If the guest installer performs its own checks and logs the status of those
checks to the first serial port, stdout from QEMU then be used by other tools
to confirm that the installation completed properly. For example, in CentOS
images, the ks.cfg %pre and %post sections are designed to provide the
status of those phases. The corresponding create-image scripts verify that
the expected results are found before calling the image creation successful.
OS installers generally do not log their actions to the console very verbosely.
To get verbose logs, some form a pre-install script (e.g. %pre in ks.cfg for
CentOS) is used to tail log files in the background. When GNU tail is used in a
Linux guest, this may be done with:
tail -F foo.log bar.log ... >/dev/ttyS0 2>&1 </dev/null &
The -F option is used to ask tail to watch for logs to come into existence,
and reopen them when they are rotated. This allows you to start tailing a log
before it exists. The redirection of stderr and stdin are primarily to make
it so that tail closes all the file descriptors passed to it by its parent
process. Without this, some installers will think that the script is intended
to complete before the pre-installation script finishes and will cause the
installation to hang forever.
QEMU is started so that the graphical console is available over VNC. The ip and
port are shown on the terminal. Generally, there is no need to connect to the
graphical console. However, in the event of a failure it is often helpful to
connect to the console to poke around inside a VM using a shell. Most Linux
distributions have virtual consoles available with ctrl-alt-F{1,2,3}.

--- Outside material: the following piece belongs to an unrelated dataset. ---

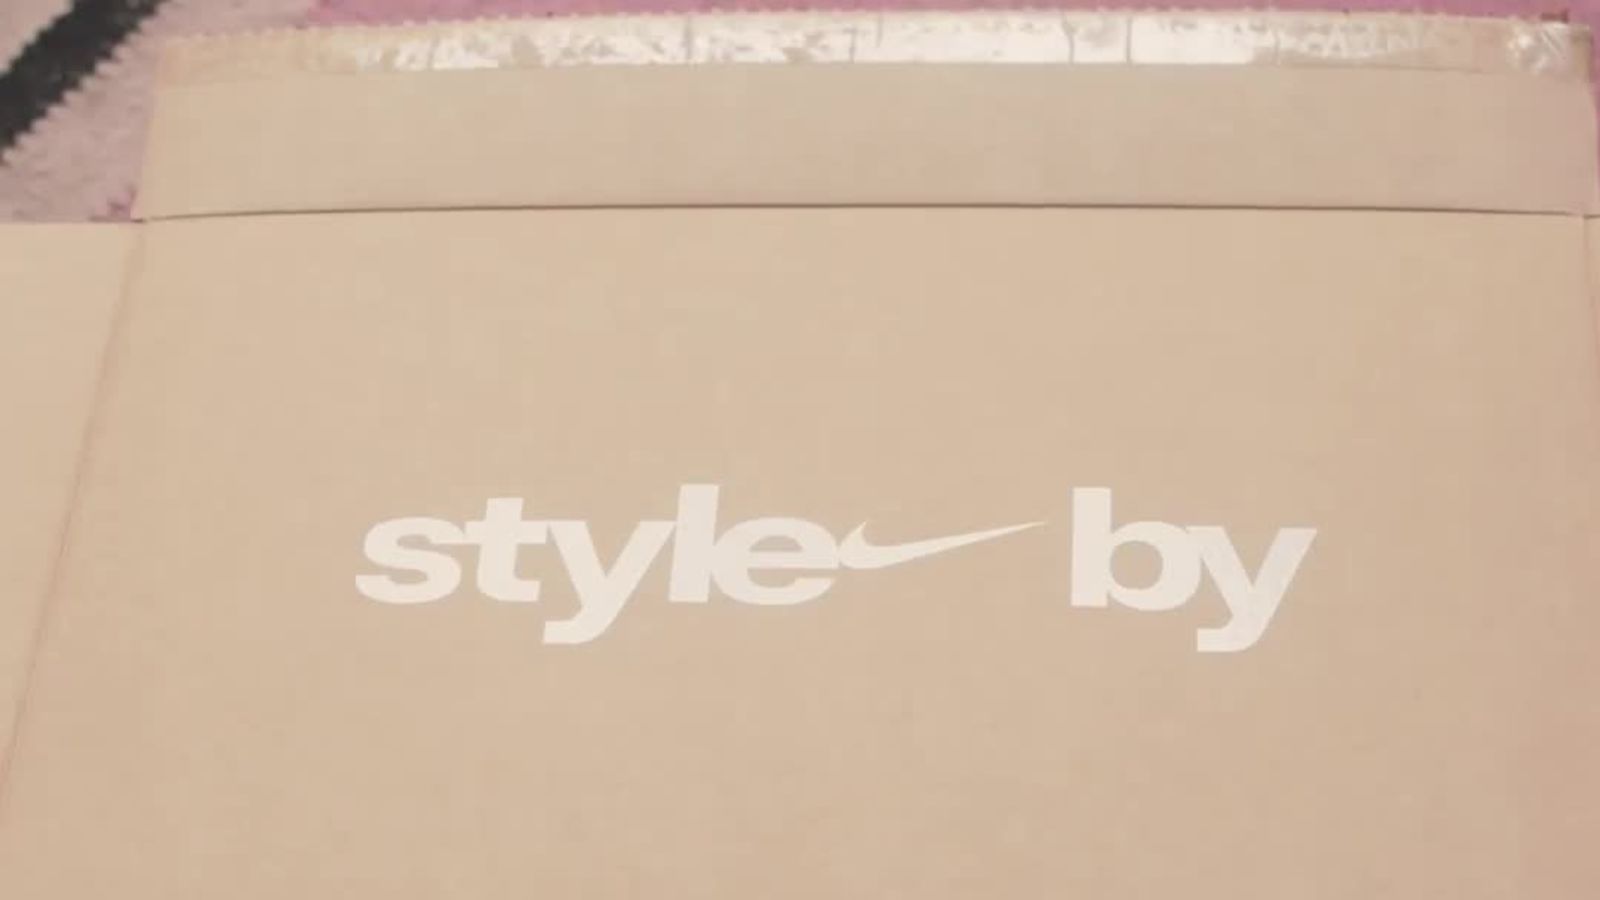 Estetica revival: tre modi per abbinare le Nike Cortez secondo Vogue

WARNING: The VNC port is accessible via all interfaces. If the instance has an interface on an untrusted network, use of Cloud Firewall to restrict access to TCP port 5901 is is highly recommended.
QEMU networking is configured such that a network that a private network exists within the QEMU process. QEMU intercepts DHCP requests and provides basic networking configuration to the guest. This network has access to other networks that are accessible by the zone via a NAT implementation that exists within QEMU.
When an image-specific create-image script needs to add additional devices,
have specialized control over the boot loader, etc., additional arguments can be
specified on the command line.
A key example of how this is used is in the CentOS
images.Rather
than remastering the image to add the appropriate boot options, the installation
media is mounted in the host and QEMU is started with options that specify the
kernel, initrd, kernel command line, and a secondary CD which contains the
kickstart configuration. This allows the CentOS create-image to avoid
gigabytes of I/O that would otherwise be required to remaster the installer ISO.